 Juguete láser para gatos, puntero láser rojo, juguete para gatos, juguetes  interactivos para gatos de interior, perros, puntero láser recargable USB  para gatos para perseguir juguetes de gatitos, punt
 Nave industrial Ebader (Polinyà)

==

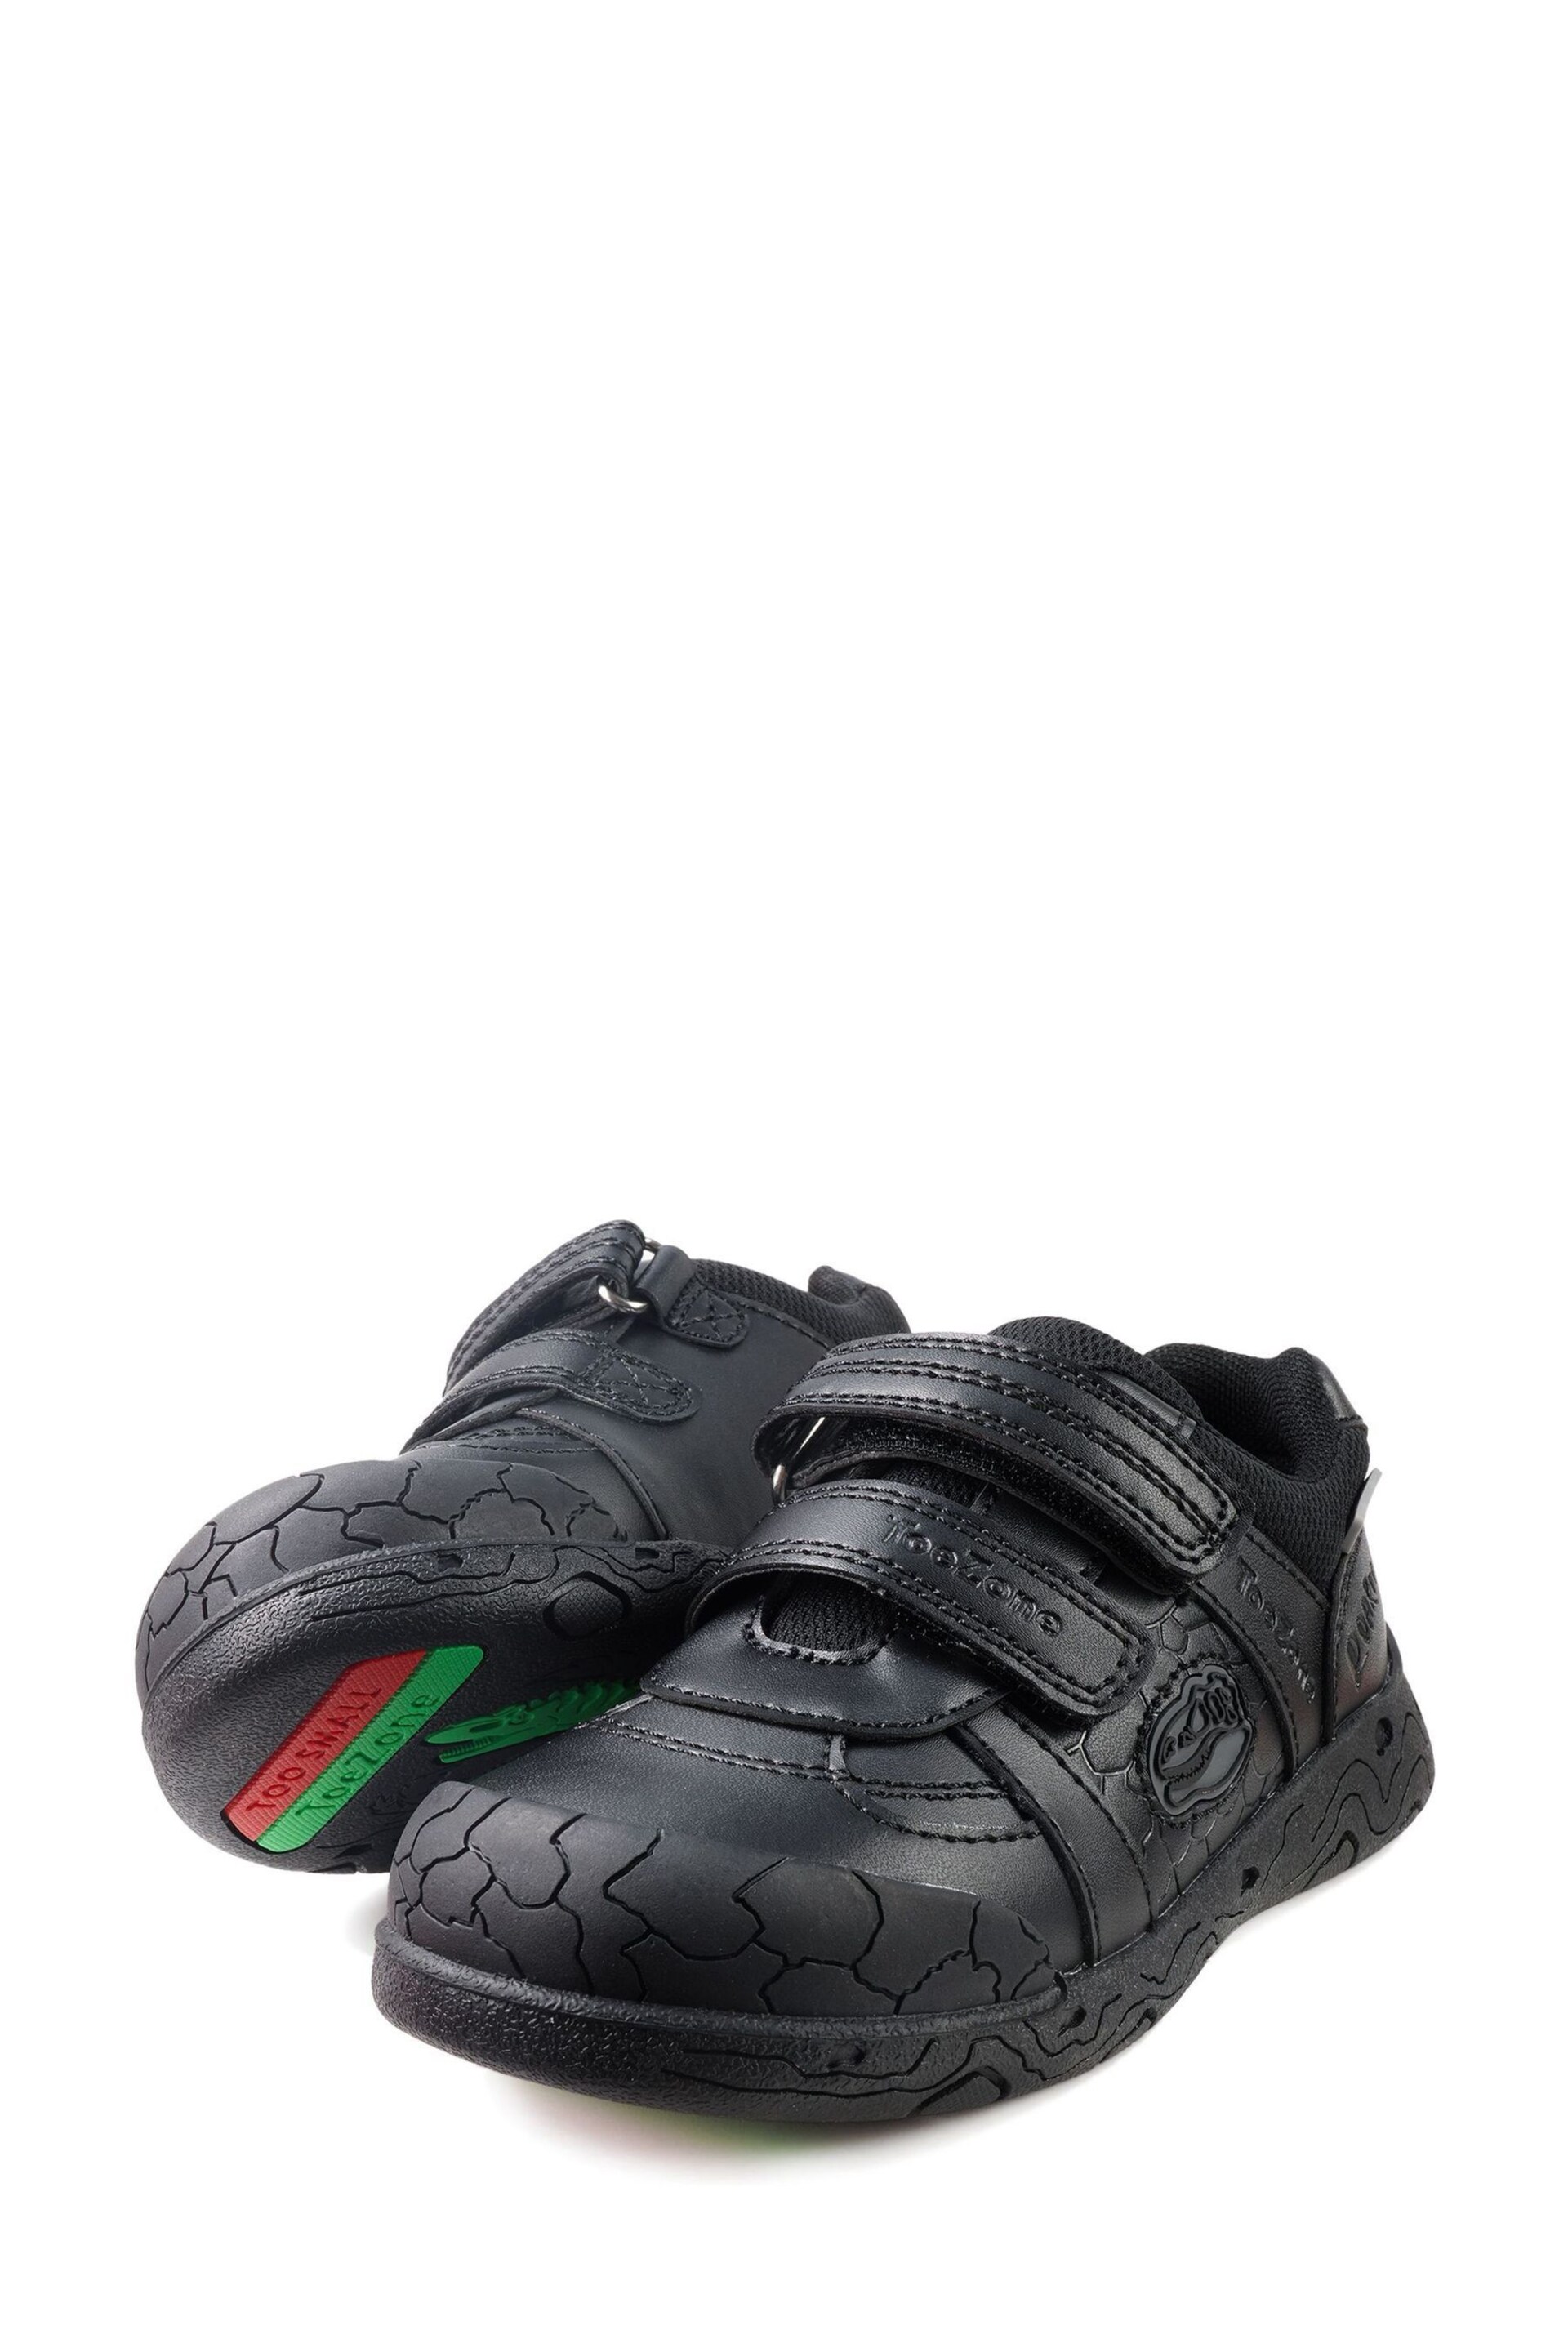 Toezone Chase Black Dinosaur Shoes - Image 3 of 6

### WHAT IS EXPECTED
Produce only the lines from the line containing "Juguete láser para" through the line containing "Nave industrial Ebader (Polinyà)", inclusive of both, exactly as they stand in the entries above.

### SOLVED EXERCISE
 Juguete láser para gatos, puntero láser rojo, juguete para gatos, juguetes  interactivos para gatos de interior, perros, puntero láser recargable USB  para gatos para perseguir juguetes de gatitos, punt
 Nave industrial Ebader (Polinyà)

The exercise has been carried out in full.